Andrew Williamson

Gather.town id
MLA07
Poster Title
Lightning-Fast Gravitational-Wave Parameter Inference Through Neural Amortization
Institution
University of Portsmouth
Abstract (short summary)
Gravitational waves from compact binaries measured by the LIGO and Virgo detectors are routinely analyzed using Markov Chain Monte Carlo sampling algorithms. Because the evaluation of the likelihood function requires evaluating millions of waveform models that link between signal shapes and the source parameters, running Markov chains until convergence is typically expensive and requires days of computation. In this work, we provide a proof of concept that demonstrates how the latest advances in neural simulation-based inference can speed up the inference time by up to three orders of magnitude -- from days to minutes -- without impairing the performance. Our approach is based on a convolutional neural network modeling the likelihood-to-evidence ratio and entirely amortizes the computation of the posterior. We find that our model correctly estimates credible intervals for the parameters of simulated gravitational waves.

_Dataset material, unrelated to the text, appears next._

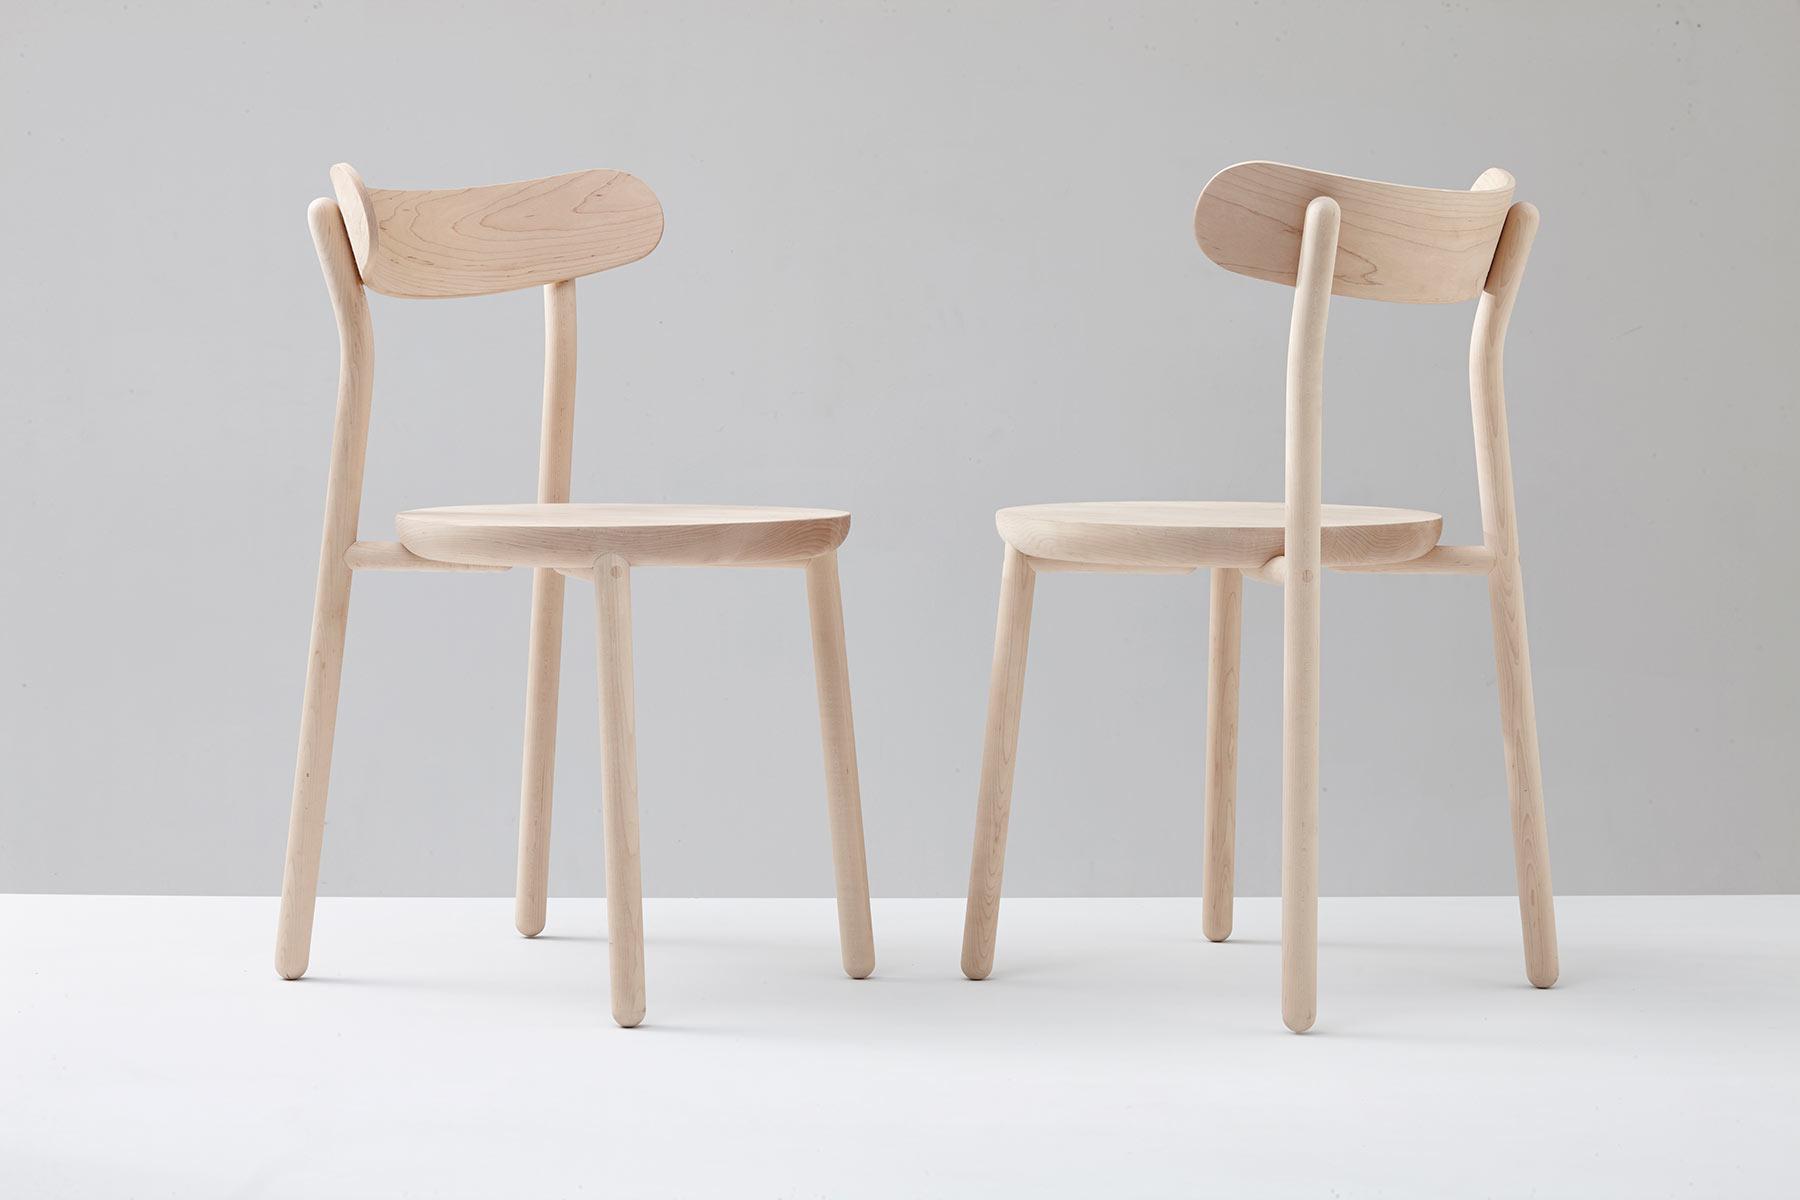 Them Chair by Nicholas Karlovasitis & Sarah Gibson for DesignbyThem

Plain text (extended) Summary
The inference of gravitational wave source parameters is typically achieved via stochastic sampling methods, making it a slow and computationally expensive process. As the rate of detections grows, the associated burden could represent a significant obstacle to maximising science outcomes. We demonstrate that neural simulation-based inference can provide a factor of roughly 1000 speed-up. We consider precessing binary black hole systems, generating our dataset by adding model waveforms to Gaussian noise to mimick Advanced LIGO data. We high-pass filter and whiten this data before passing it to the neurtal network. We employ neural amortisation, approximating the likelihood-to-evidence ratio by training a classifier on: data and the source parameters used to generate the data (positive classification); and data with source parameters different from those used to generate the data (negative). A network may be trained on any subset of parameters of interest, with all others treated as nuisance parameters that are marginalised out. Thus the training procedure bears the computational cost, producing neural networks that produce marginal posteriors as output in 1 minute or less. Testing shows these results to be robust and comparable to slower stochastic methods. Work is ongoing to further develop this into a more efficient software package that can be deployed on real data.